The Promise for Histone Methyltransferase Inhibitors for Epigenetic Therapy in Clinical Oncology: A Narrative Review.

Epigenetic processes are essential for normal development and the maintenance of tissue-specific gene expression in mammals. Changes in gene expression and malignant cellular transformation can result from disruption of epigenetic mechanisms, and global disruption in the epigenetic landscape is a key feature of cancer. The study of epigenetics in cancer has revealed that human cancer cells harbor both genetic alterations and epigenetic abnormalities that interplay at all stages of cancer development. Unlike genetic mutations, epigenetic aberrations are potentially reversible through epigenetic therapy, providing a therapeutically relevant treatment option.

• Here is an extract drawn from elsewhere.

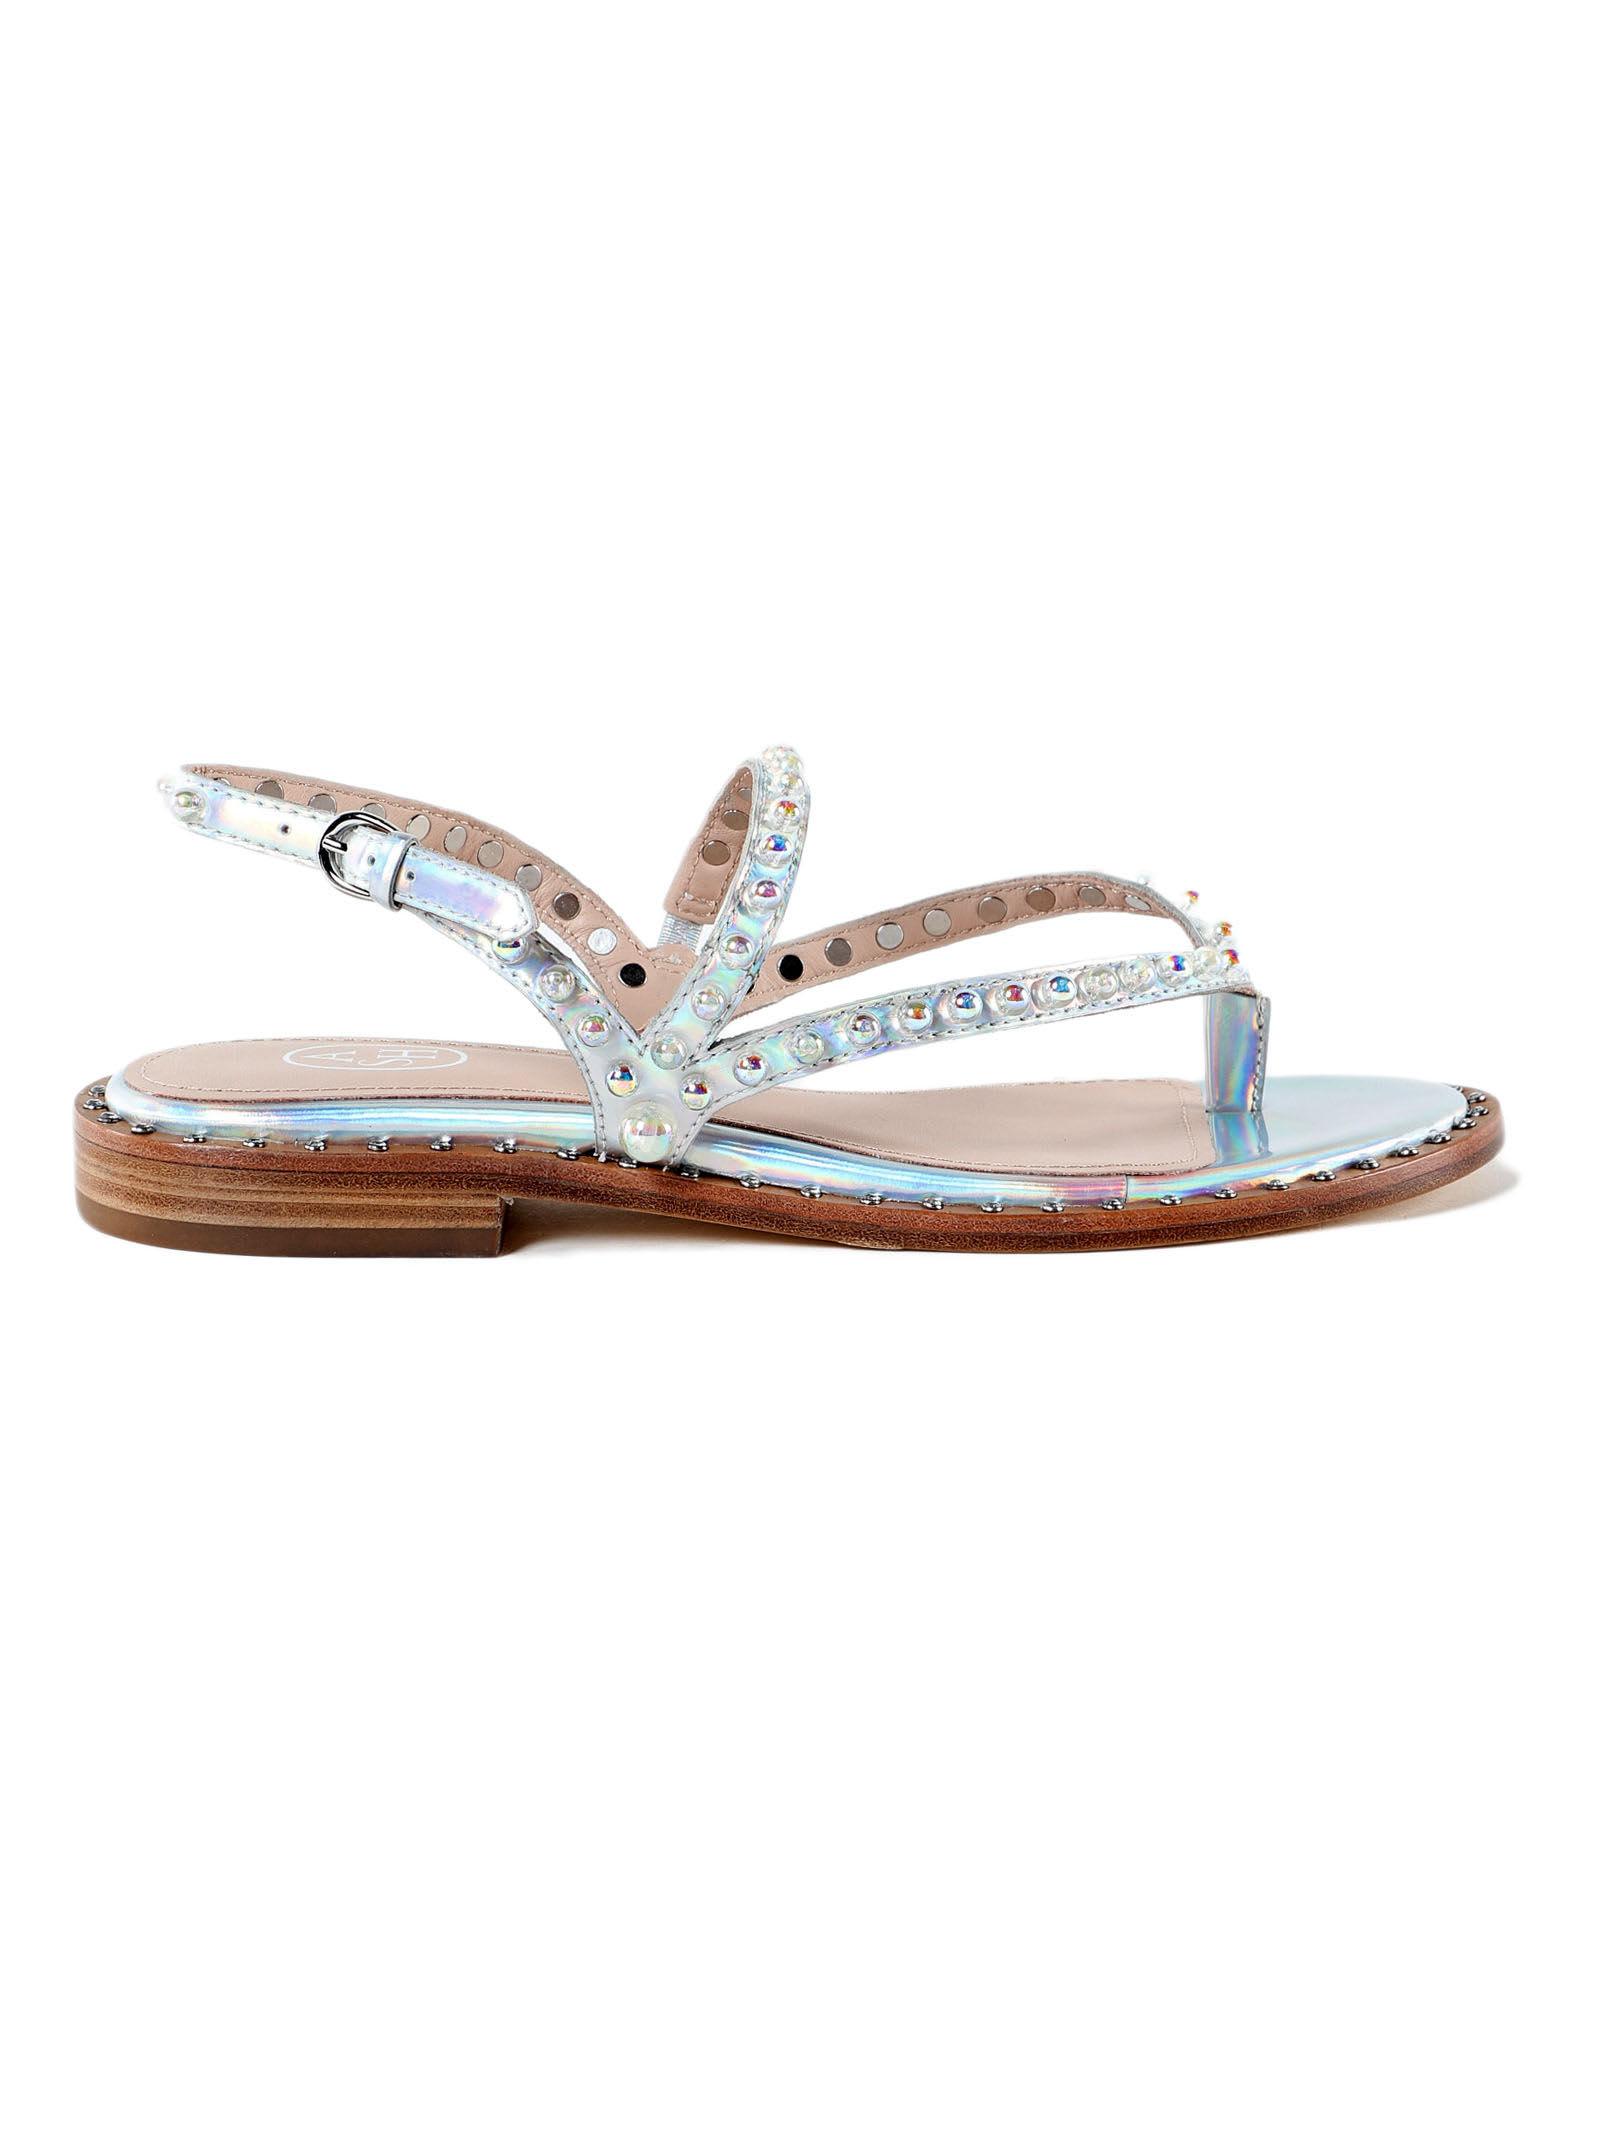 9dbbeb52c Ash Ash Pearl Flat Sandals - Rainbow Silver - 10794227 | italist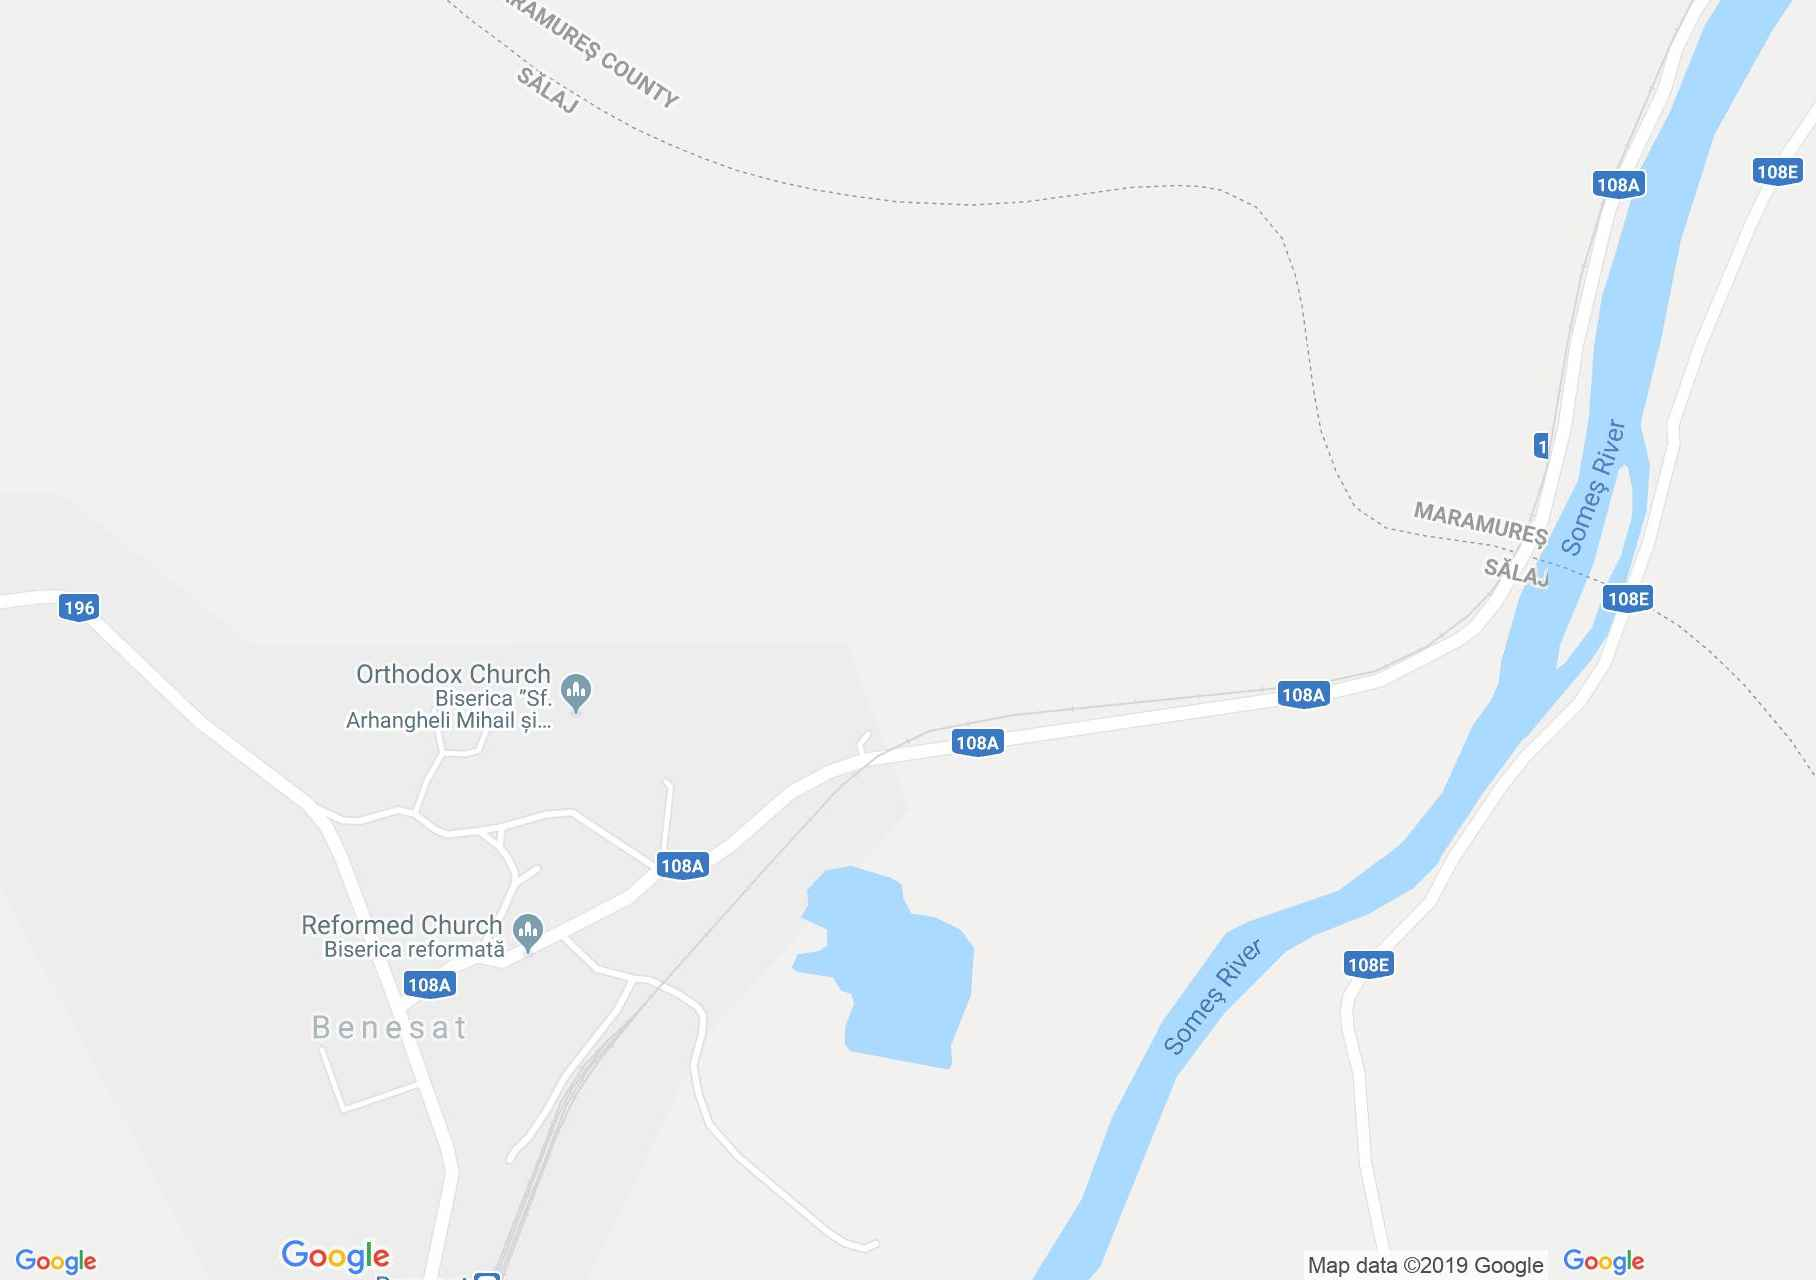 Map of Benesat: The lake

Histone methyltransferase inhibitors are emerging as an epigenetic therapy approach with great promise in the field of clinical oncology. The recent accelerated approval of the enhancer of zeste homolog 2 (EZH2; also known as histone-lysine N-methyltransferase EZH2) inhibitor tazemetostat for metastatic or locally advanced epithelioid sarcoma marks the first approval of such a compound for the treatment of cancer. Many other histone methyltransferase inhibitors are currently in development, some of which are being tested in clinical studies. This review focuses on histone methyltransferase inhibitors, highlighting their potential in the treatment of cancer. We also discuss the role for such epigenetic drugs in overcoming epigenetically driven drug resistance mechanisms, and their value in combination with other therapeutic approaches such as immunotherapy.